With octopus, squid, and cuttlefish catches soaring but misidentification and inaccurate reporting raising overfishing fears, our international, multidisciplinary team is stepping in. Led by Tohoku University’s own Cheryl Ames (Co-Principal Investigator and Smithsonian Research Collaborator) and Demian Willette from Loyola Marymount University, our 15-member team spans 7 countries and diverse fields, including fisheries management, marine biology, and AI. Associate Professor Alyne Delaney (Tohoku University) is also on board!
Funded by the National Science Foundation, we’re building an application to track and identify octopus from ocean to table. This project uniquely combines traditional methods with cutting-edge tech: genomics, molecular metabarcoding, eDNA, and AI. Fishers in Mexico, California, and Alaska will be key citizen scientists, using eDNA kits to help us map octopus distribution and seasonality.
“Reliable knowledge will point us to where edible octopuses are found, and policymakers can use this information to make octopus fishing sustainable,” says Ames. We’re confident this network will pave the way for ecosystem-based fisheries and contribute to a thriving blue economy.
The article details the development of a novel method for tracking marine species: the portable eDNA sequencing kit (FeDS), spearheaded by Dr. Cheryl Lewis Ames’s team from Tohoku University. The article explains how the FeDS kit makes the complex process of environmental DNA identification — from water sample collection to species identification — entirely portable and capable of being conducted on-site without an internet connection, thanks to the Nanopore MinION device.
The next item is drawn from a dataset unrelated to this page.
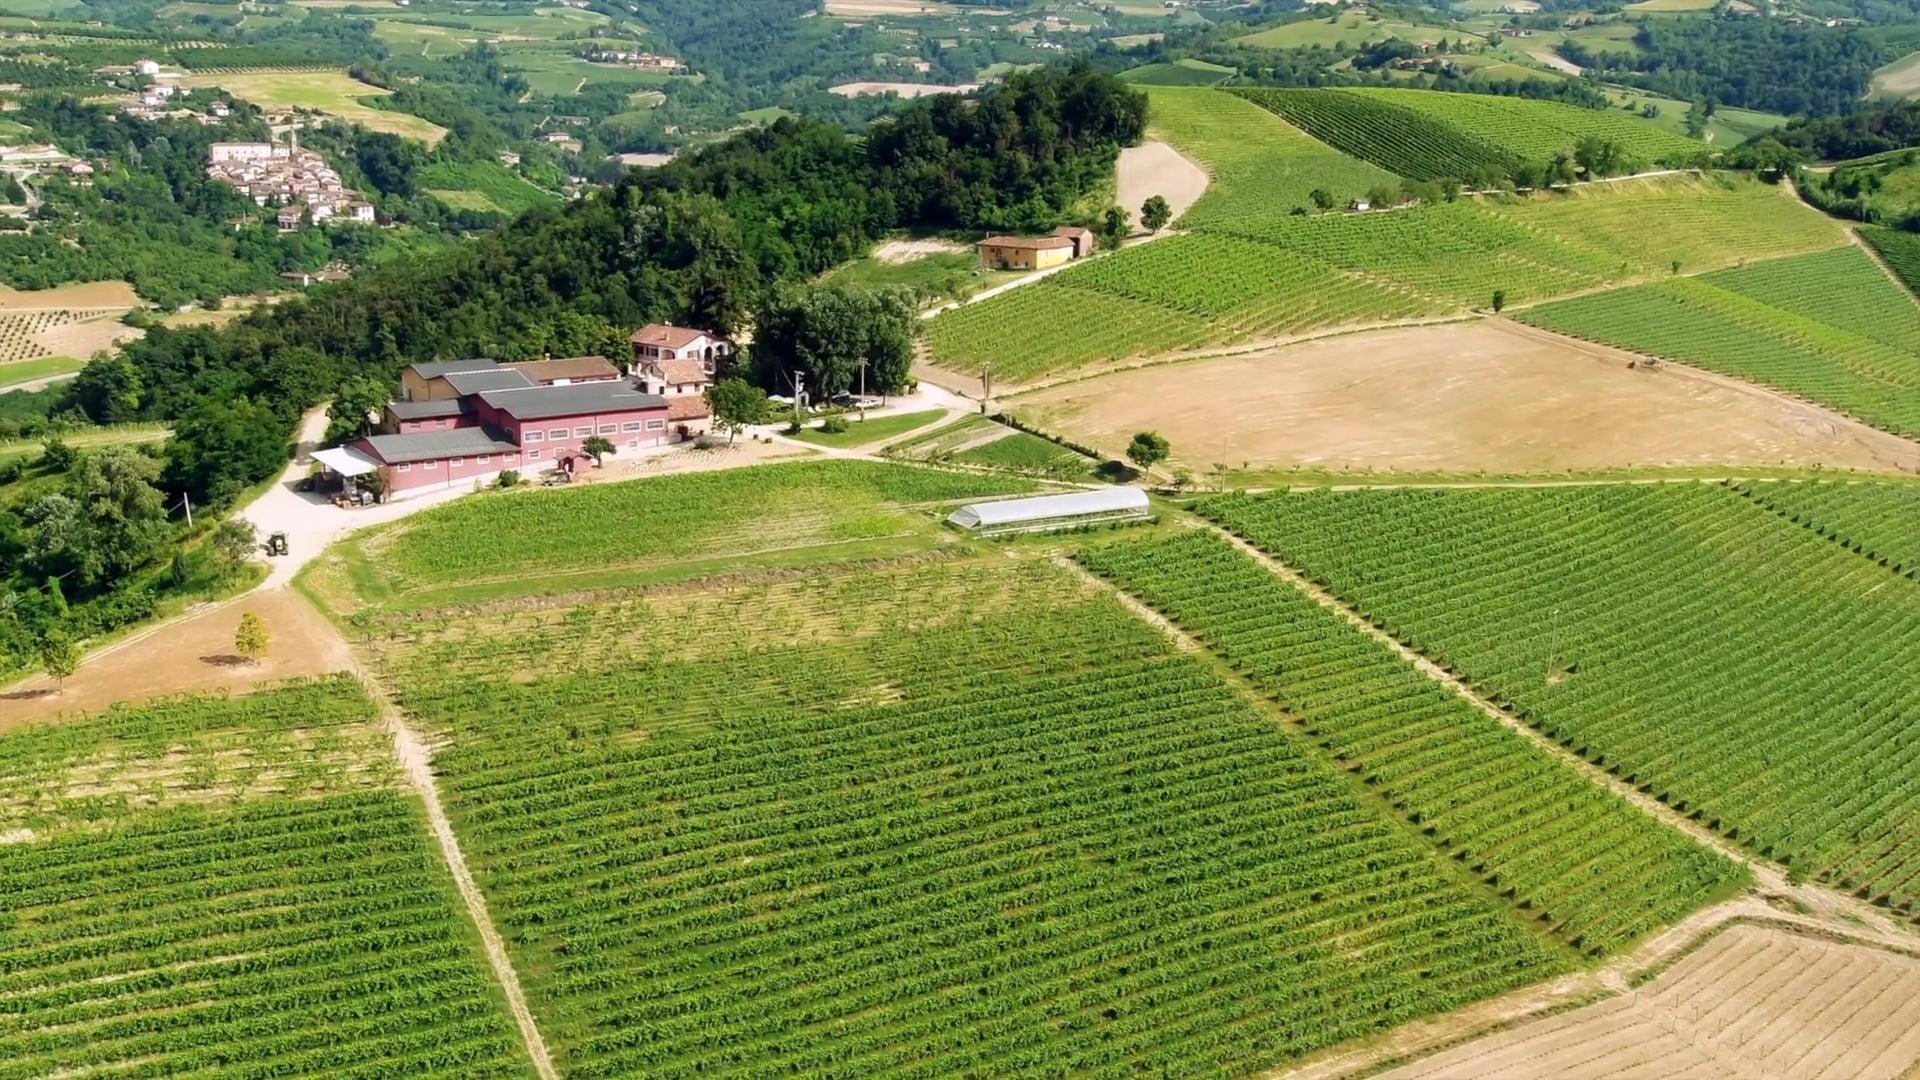 Rivetto | Il vigneto tra Sinio | The vineyard between Sinio

The effectiveness of the FeDS kit was successfully tested in the Florida Keys, where the team not only detected the upside-down jellyfish (Cassiopea) but also identified a remarkable 53 jellyfish species, including two venomous box jellyfish species previously unreported in the area. Dr. Ames envisions incredible practical applications for this technology, such as predicting jellyfish sting risks, much like a ‘weather forecast app’ for swimmers!
This innovative research was published in the esteemed Frontiers in Marine Science journal, underscoring its solid impact and global relevance.
The article highlights the pioneering work of our own Dr. Cheryl Ames and her team in the Florida Keys. They led a crucial study demonstrating the potential of a portable Nanopore sequencer to detect the presence of upside-down jellyfish (Cassiopea xamachana) and other jellyfish species directly in the field! This represents an incredible leap forward, overcoming the challenges of bringing complex DNA analysis from labs into the marine environment.
This technology not only identified Cassiopea jellyfish but also revealed the presence of other species unseen at the time of sampling, such as moon jellyfish and venomous box jellyfish. The potential is vast: from predicting jellyfish sting risks to aiding fisheries management, supporting conservation efforts, and even integrating into autonomous underwater vehicles for comprehensive marine surveys.
This groundbreaking research stems from a foundational scientific paper published in Frontiers in Marine Science, underscoring its impact.